9. Issues with Flask
❖ On some of our larger REST API’s things got tricky.
❖ Lots of design considerations with side effects.
❖ Development was slowing down.
❖ Maybe Flask was the wrong choice? So we looked to
Django.
10. Django
❖ Django is far and away the most used Python web
framework.
❖ It’s the “batteries included” option: database ORM,
forms, admin interface, etc.
❖ But this means stopping everything and learning a new
framework. How do we know this is the right choice?
11. Python vs Django
❖ A little Googling on the internet give you something like
this:
❖ Django is for more full-featured applications.
❖ Flask is for more simple apps and rapid prototyping.
❖ Easy! But our product is made up of REST-ful micro
services, shouldn’t Flask be perfect?
12. More Confusion
❖ Flask is deployed at LinkedIn, Pinterest, Twillio, and the
2012 Obama election campaign. That’s big stuff!
❖ Miguel Grinberg’s Flask book builds a blog app with data
migrations, unit tests, authentication, etc. Those are a lot
of features!
❖ On the other hand we have the Django REST Framework.
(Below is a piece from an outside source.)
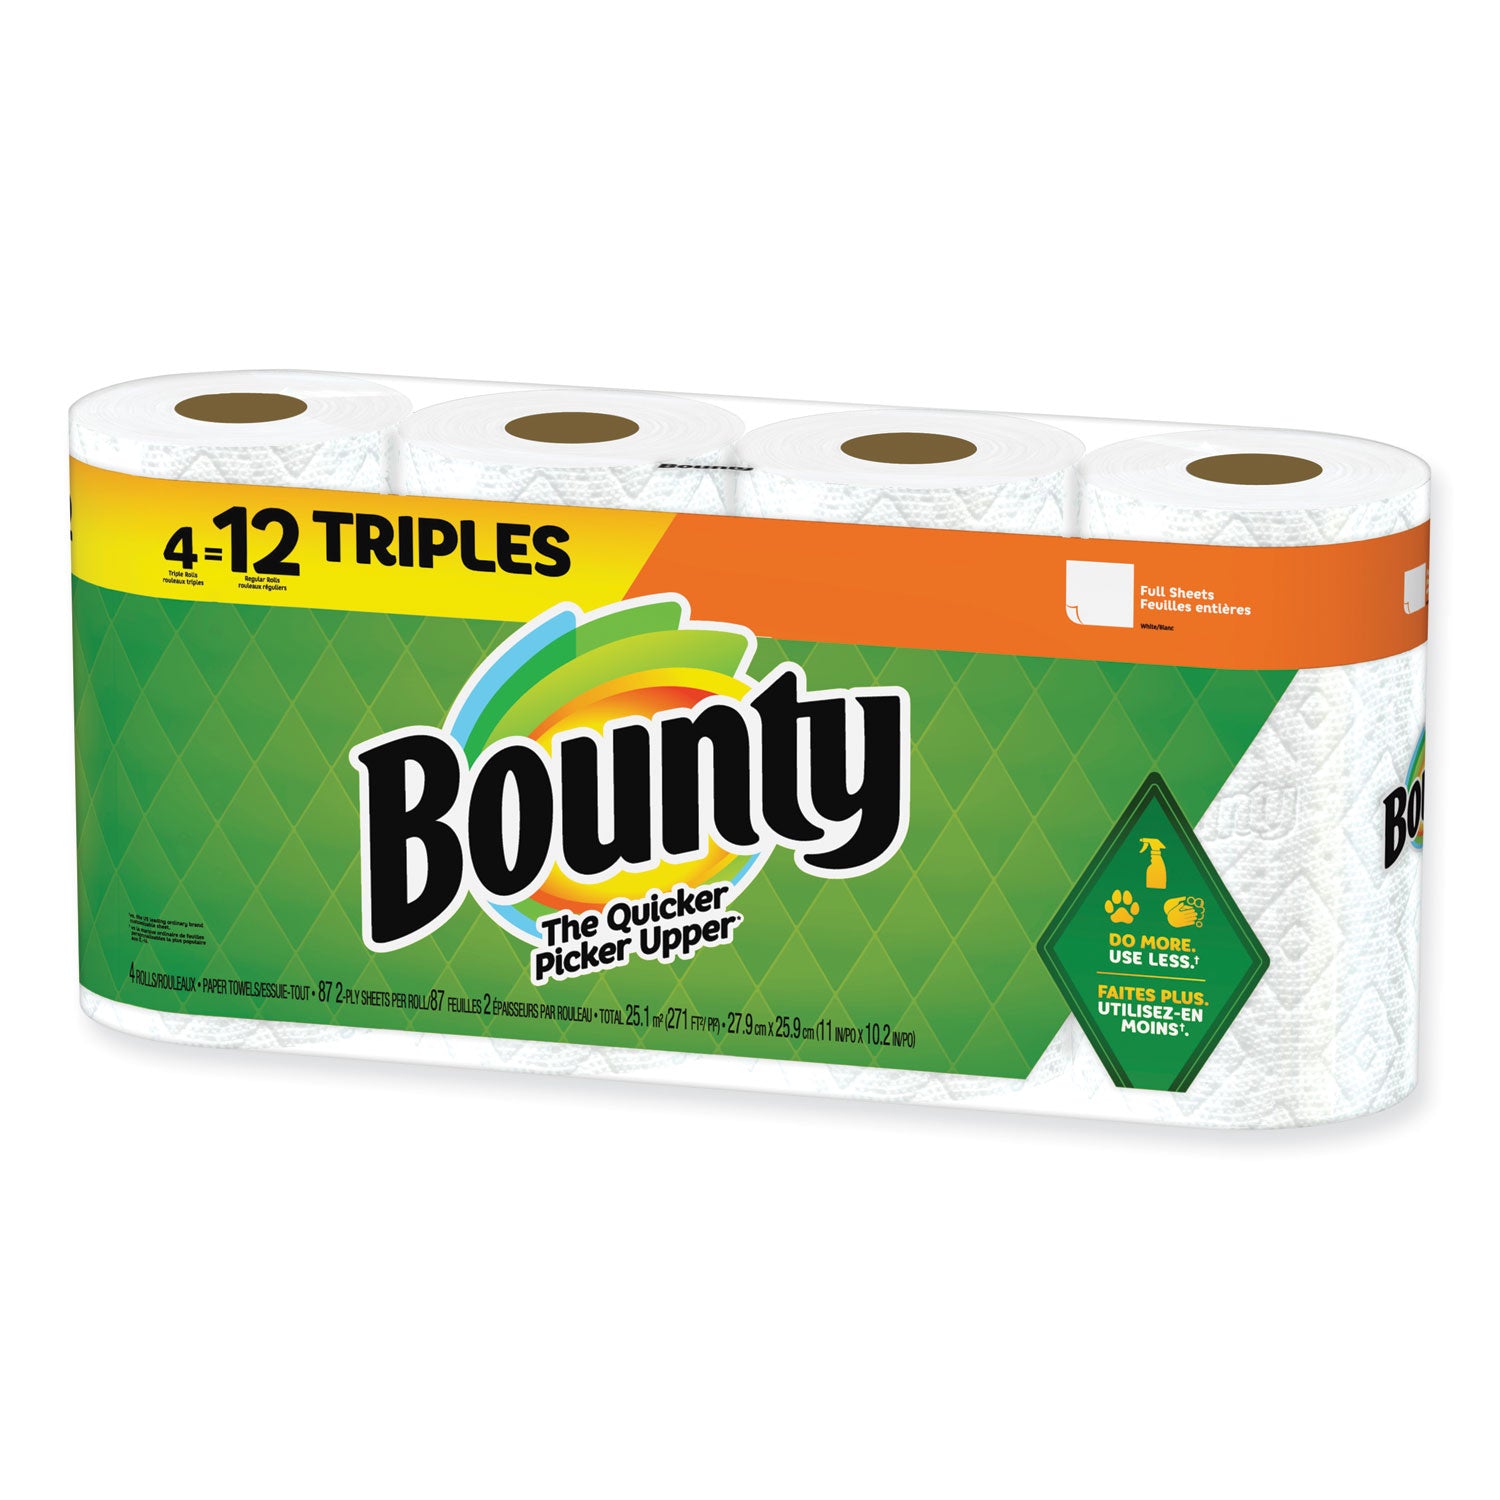 kitchen-roll-paper-towels-2-ply-white-105-x-11-87-sheets-roll-4-triple-rolls-pack-6-packs-carton_pgc06109 - 1

REST is pretty lean, right?
❖ So who’s right? How do we choose? The clock is ticking…
13. Enter Django REST Framework
❖ So we gave Django REST framework a try.
❖ Django REST seemed like a contradiction at first; Django
just seemed too heavy for an API.
❖ But, we realized there is a -lot- that goes into a REST API:
authentication, serialization, permissions, data model,
queries, testing, pagination, …
❖ Then we had our breakthrough…
14. Flask and Django
❖ Think of Flask as a web framework framework!
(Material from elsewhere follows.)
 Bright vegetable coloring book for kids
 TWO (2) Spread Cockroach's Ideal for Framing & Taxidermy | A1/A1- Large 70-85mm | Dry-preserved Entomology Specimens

❖ Put another way, Flask is not your framework. You use
Flask to build your framework.
❖ Development was slowing down because we weren’t
building our product, we were building our framework.
15. Flask as a Framework Framework
❖ In the “Hello World” case this is trivial, all you need is in
Flask, basically just a WSGI server.
❖ As you scale up you end up having to implement
everything yourself, a-la the Flask book.
❖ Once you deviate from that - you’re on your own.
❖ Which can be great! Unless it’s not.
16. Where Flask is Great
❖ This is why The Flask book is so great; it lays out all the
decisions for you.
❖ And this is why major projects can be written in Flask at
companies with deep resource and experience pools.
❖ And small project are a breeze because there’s literally
nothing else in the framework to think about.
❖ And this why everything in-between is so tough.
17. Building a Framework
❖ Is hard … just an FYI.
❖ Requires significant developer time.
❖ More importantly it requires informed opinions about
how your framework should work.
❖ Even beyond that it requires knowledge about what
decisions have to be made and how they interact.
18. Final Remarks
❖ The driver for improving our technology stack was a
sense we were working against, not with our tools. Don’t
ignore that, it’s a clue something is wrong.
❖ Once we realized the pain points and benefits of both
systems we could confidently select different tools for
different jobs. Don’t underestimate the impact of this.
❖ Both are great projects, we’re indebted to both teams.